Otherwise, Vershire had only one other closed road, Eastman Crossroad, which had washed out in a downpour last week, Ward said. Monday’s rain worsened matters, and the road is still closed, he said.
Emergency officials urged motorists to pay heed to signs warning that roads are closed.
“Just be safe,” Whitcomb said. “Our signs for road closures are there for their safety.”
With road repair and helping residents ongoing, Chelsea officials offered a reminder that a boil water order remains in effect for people on the municipal water service. The same is true of many villages with municipal water systems, included Royalton and Woodstock.
“The state issued a blanket order,” Simon said. She urged Chelsea residents to keep checking the town website for updates.
Simon, who has had a long career in law enforcement and emergency management, said people who have had property damaged in the flooding should call VT 211, which would put them on a list of people state and federal emergency management officials will contact.

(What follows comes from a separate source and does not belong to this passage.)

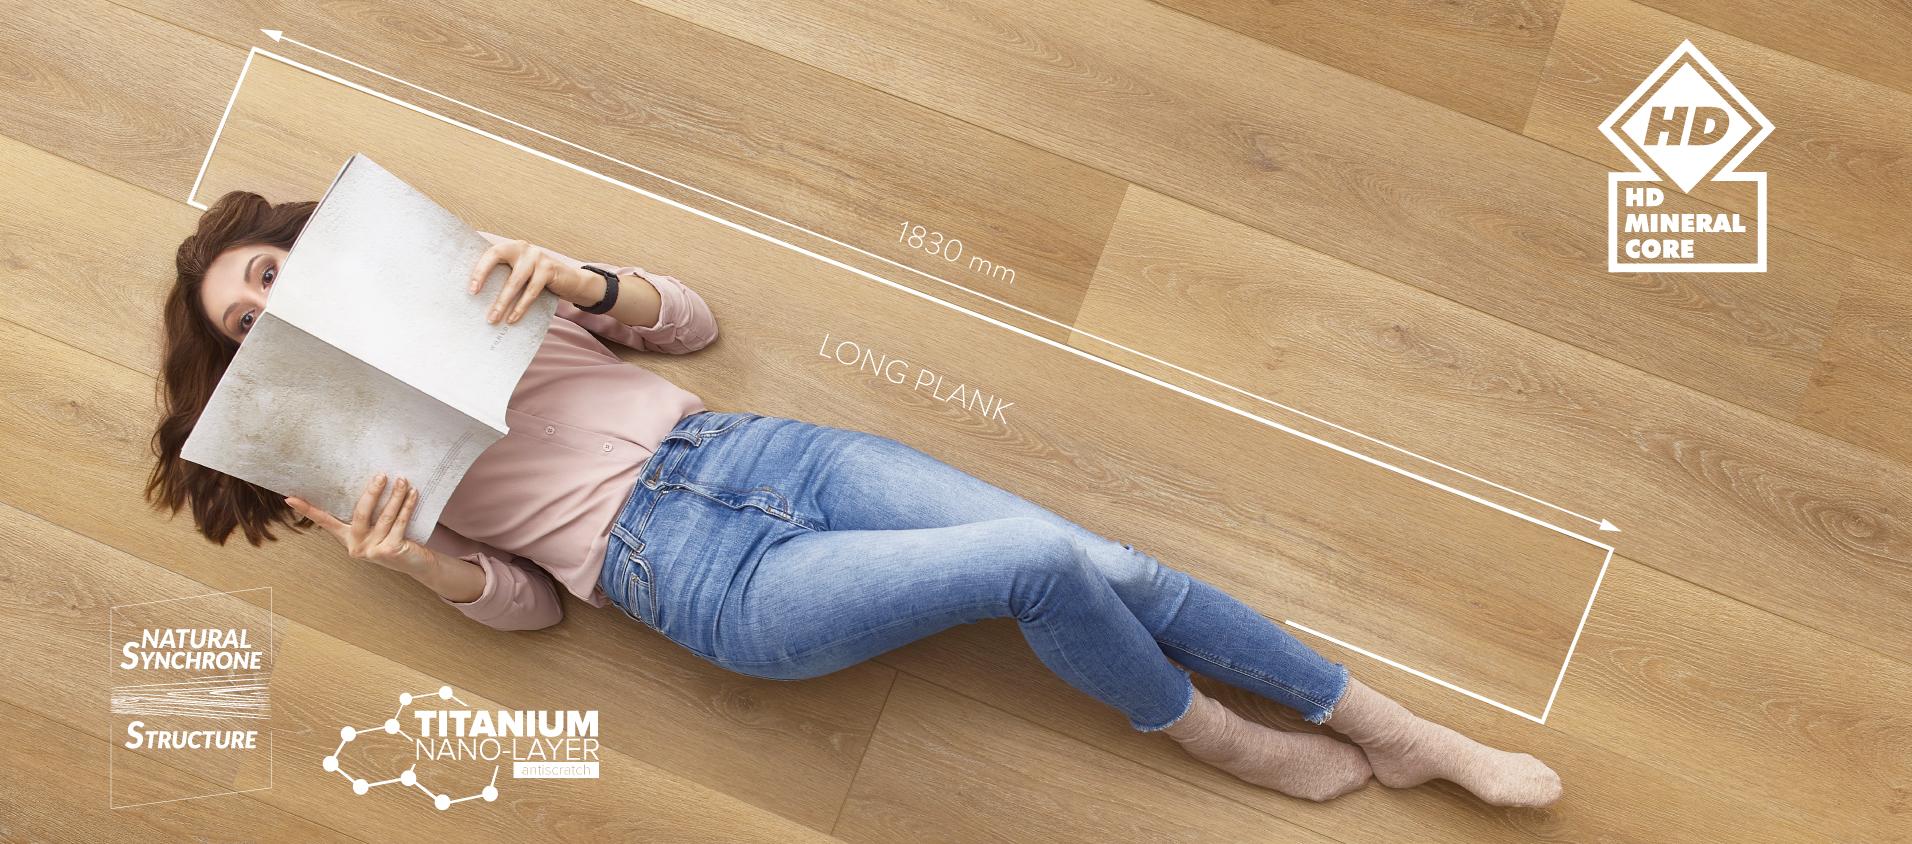 Amaron Superiore long plank

In the meantime, town residents are looking in on people who might need help. Some older residents might have a family member shop for them or pick up medications, and if that family member can’t get there, “we can facilitate that sort of thing,” Simon said.
The two worst flooding events in recent memory, Irene and this week (call it what you will), weren’t the worst everywhere. The rainfall of July 1, 2017, affected 75% of Thetford’s town roads, Whitcomb said. “We got lucky this time,” she said.